Is this all Prop 8 defenders have got?

What was remarkable about the overturning of Proposition 8—California’s ban on same-sex marriage—was the weakness of the case mounted by the defense. At times during the proceedings, Judge Vaughn Walker had to ask the legal team in charge of defending the proposition, in effect: “Haven’t you got something better than this?”

The defense called only two expert witnesses, and only one addressed some of the substantive arguments that are made against same-sex marriage. That witness was David Blankenhorn, founder and president of the Institute for American Values. For his troubles, Blankenhorn was branded a bigot and ignoramus by some commentators, like Frank Rich of the New York Times. More important, he was witheringly dismissed by Judge Walker, who declared that Blankenhorn was no expert and that he offered no credible evidence.

It’s unfair to call Blankenhorn a bigot or an ignoramus. He is a thoughtful guy who operates with the far-from-crazy intuition that children fare better in families in which there is both a mother and a father, preferably a biological mother and father. His reflections are fueled by research on how children are hampered growing up with a single mother and no father. Blankenhorn has also been influenced by the work of Don Browning, the late, esteemed ethicist at the University of Chicago Divinity School, no bigot and no ignoramus.

Browning worried that marriage is being “de-institutionalized” in our time—becoming less of an economic and social institution and more of a private arrangement based on feelings. He argued that approval of same-sex marriage would further that movement, which would ultimately undermine protections for children and other vulnerable people. That, at least, was the basis for Browning’s “liberal case against same-sex marriage” (pdf).

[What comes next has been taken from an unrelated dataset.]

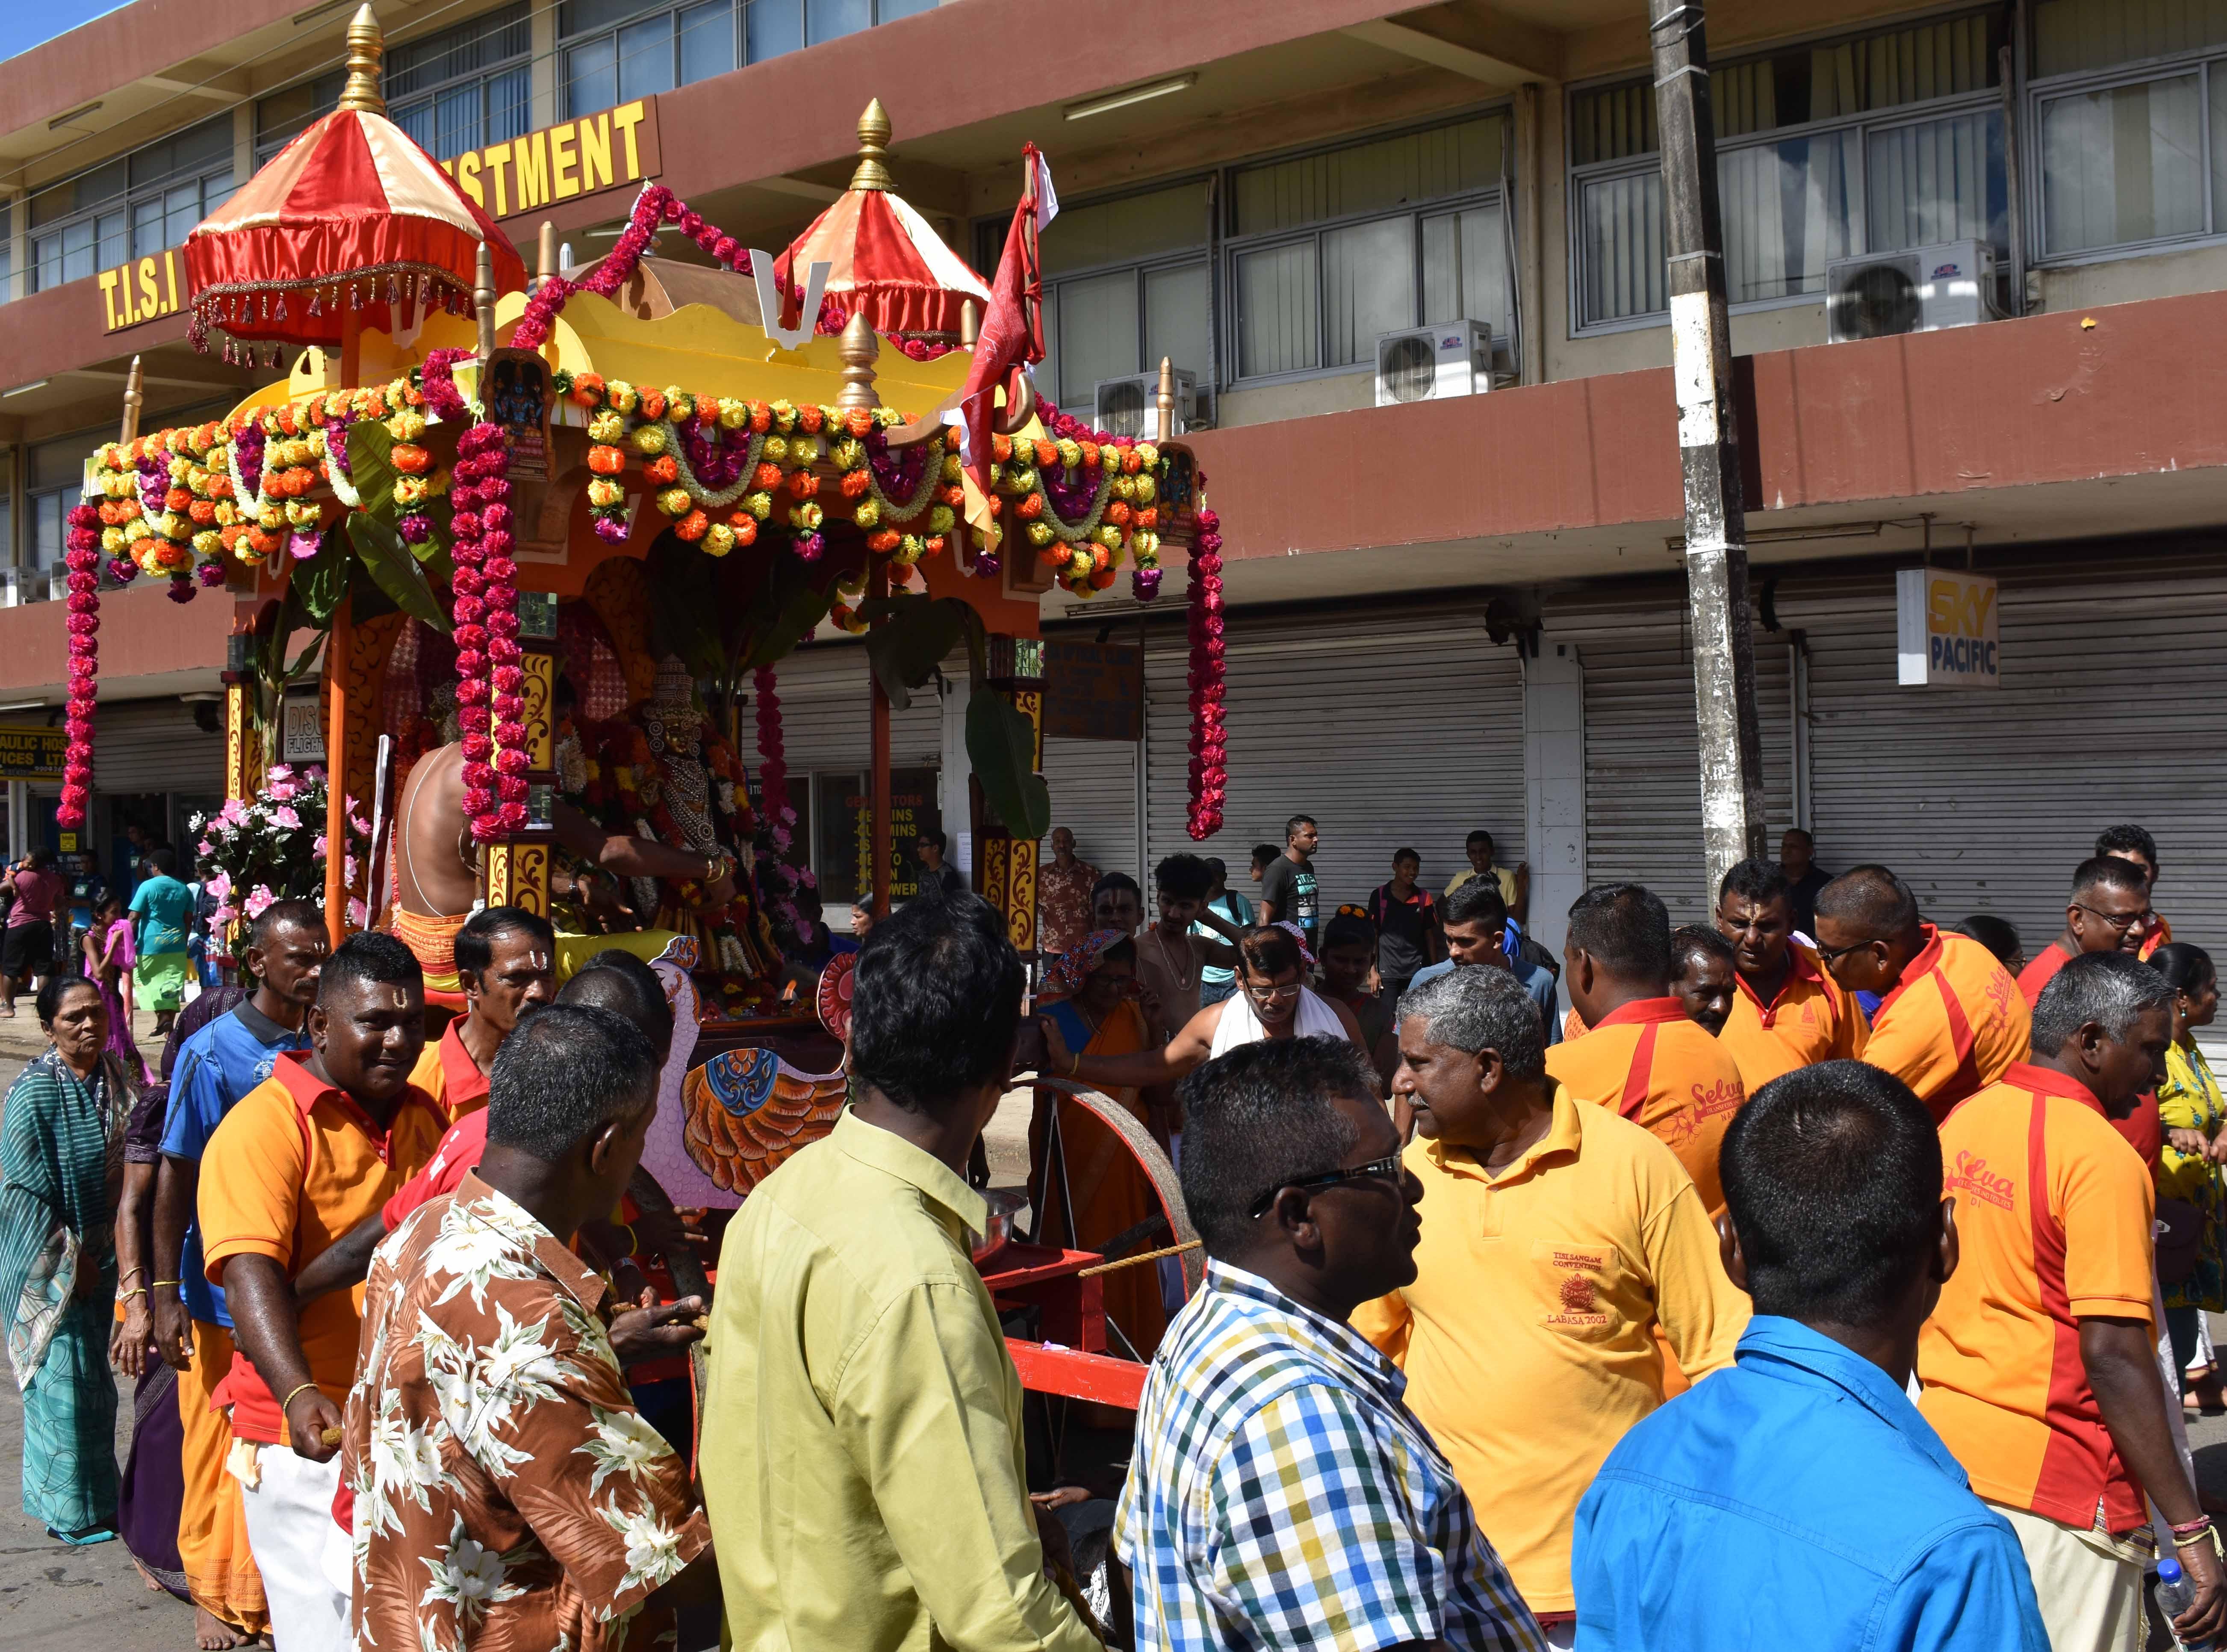 Hindu devotees gathered on Labasa street during the raath yatra on June 3, 2017. Photo:SHRATIKA NAIDU

Blankenhorn’s (and Browning’s) arguments are somewhat nuanced. They are a mix of intuitions and extrapolations from social science. Whatever they are, Walker had no trouble eviscerating them.

For example, the judge observed (pdf) that “Blankenhorn gave absolutely no explanation why manifestations of the deinstitutionalization of marriage would be exacerbated (and not, for example, ameliorated) by the presence of marriage for same-sex couples.” When Blankenhorn declared that same-sex marriage is “symptom and cause” of the de-instutionalization of marriage, Walker dismissed that remark as a “tautology.”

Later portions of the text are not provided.